Дома, когда я рассказала Елене об этом, хозяйка долго смеялась.
- Ты дружи, дружи с ней, - сказала она.
Продолжение, от лица Ольги

Как и следовало ожидать, Лизка втянула меня, точнее, залетели вместе. Незаметно для себя, я подсела на нее, как на наркотик, и жизнь без ее безбашенных штучек, ядовитых шуточек и не всегда полной вменяемости, начала казаться скучной и пресной. Вот и в тот день, она позвонила и пригласила к себе в гости.
- Мой благополучно в командировку умотал, - сообщила Лизка, - и кучу заданий надавал. Приходи, поможешь, поболтаем, выпьем.
Елена на удивление безропотно отпустила меня, с твердым приказом вечером быть как штык дома и помогать ей встречать очередных гостей. Вообще она поощряла нашу дружбу и старалась идти навстречу, если это только не шло вразрез с ее собственными планами. Лизка заехала за мной, и скоро мы оказались в квартире ее хозяина.
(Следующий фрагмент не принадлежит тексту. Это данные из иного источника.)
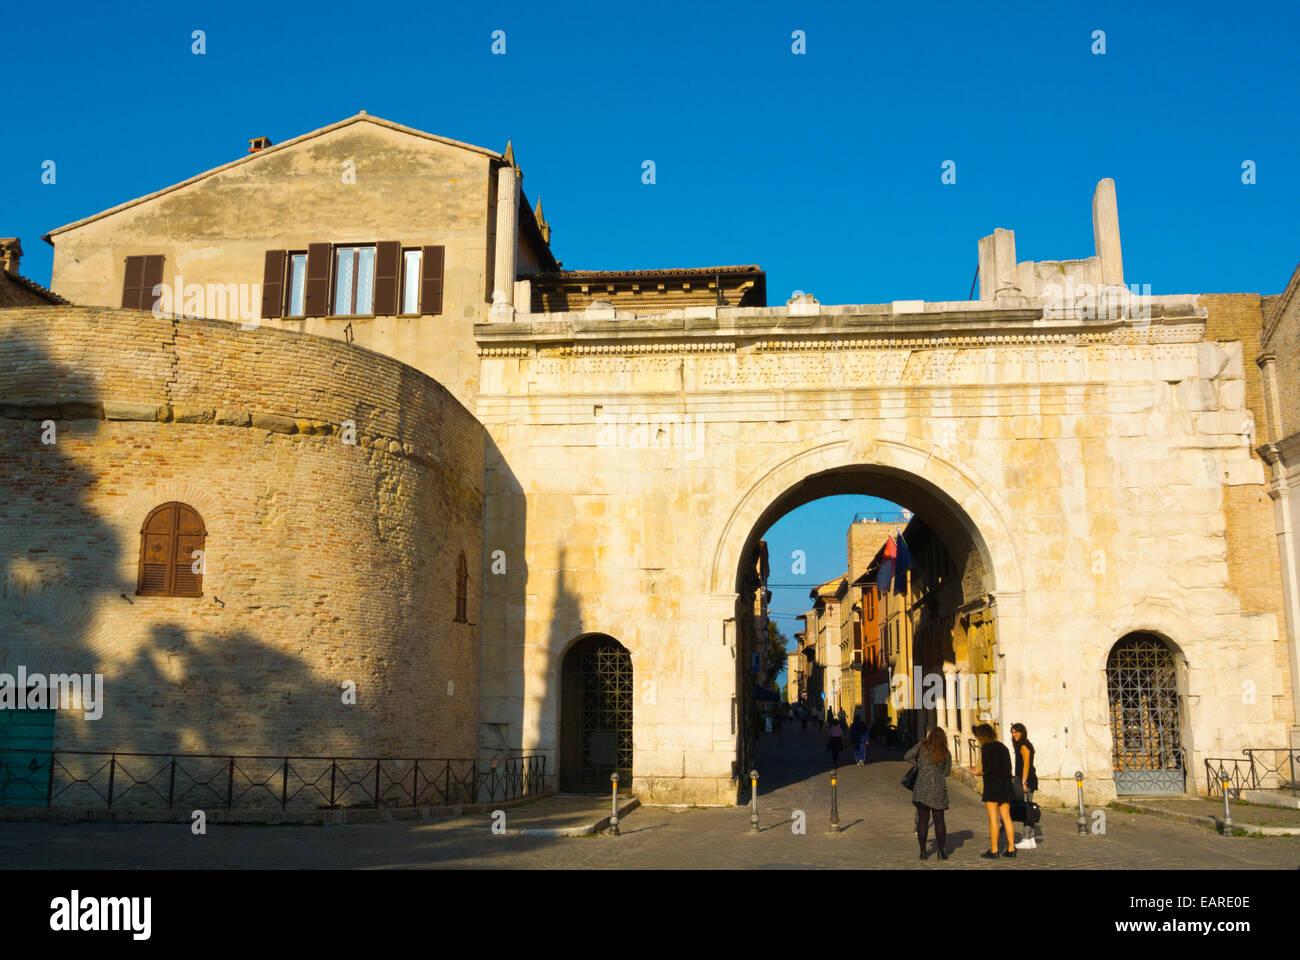 Arco di Augusto, Arco di Augusto, Fano, Regione Marche, Italia Immagini Stock

Достаточно большая квартира-студия, явно жилье холостяка, где неумелая женская рука пыталась придать хоть видимость уюта.
- Хозяйка из меня еще та, - с гордостью объявила Лизка, - терпеть не могу домашнюю работу. А здесь немного неприбрано, как ты видишь. Вот, велел убрать все.
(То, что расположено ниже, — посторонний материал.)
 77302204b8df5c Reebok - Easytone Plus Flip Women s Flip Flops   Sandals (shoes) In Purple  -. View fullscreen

Я осмотрелась. Бардак был застарелым, качественным, долго и тщательно лелеемый.
- Меня бы моя хозяйка прибила бы за такое, - вздохнула я, - хотя я тоже побездельничать люблю.
- Потом побездельничаем, - решила подружка, - погнали работать.
Она кинула мне чистые мятые шорты и футболку, сама влезла в такие же, и мы честно три часа пыхтели, обливаясь потом, пока наконец квартира не приобрела более-менее человеческий вид.
- Это мой уголок, - Лизка кивнула на небольшой диванчик с тумбочкой, уставленной косметикой, духами и разными кремами, - и это для меня, когда накосячу где-нибудь, - она подняла с пола тяжелую недлинную цепь, один браслет ее крепился к ножке дивана, второй был раскрыт, будто ожидая в свой холодный плен лодыжку провинившейся рабыни.
- И часто приковывает? – ради интереса спросила я. – Меня тоже на цепь моя садит.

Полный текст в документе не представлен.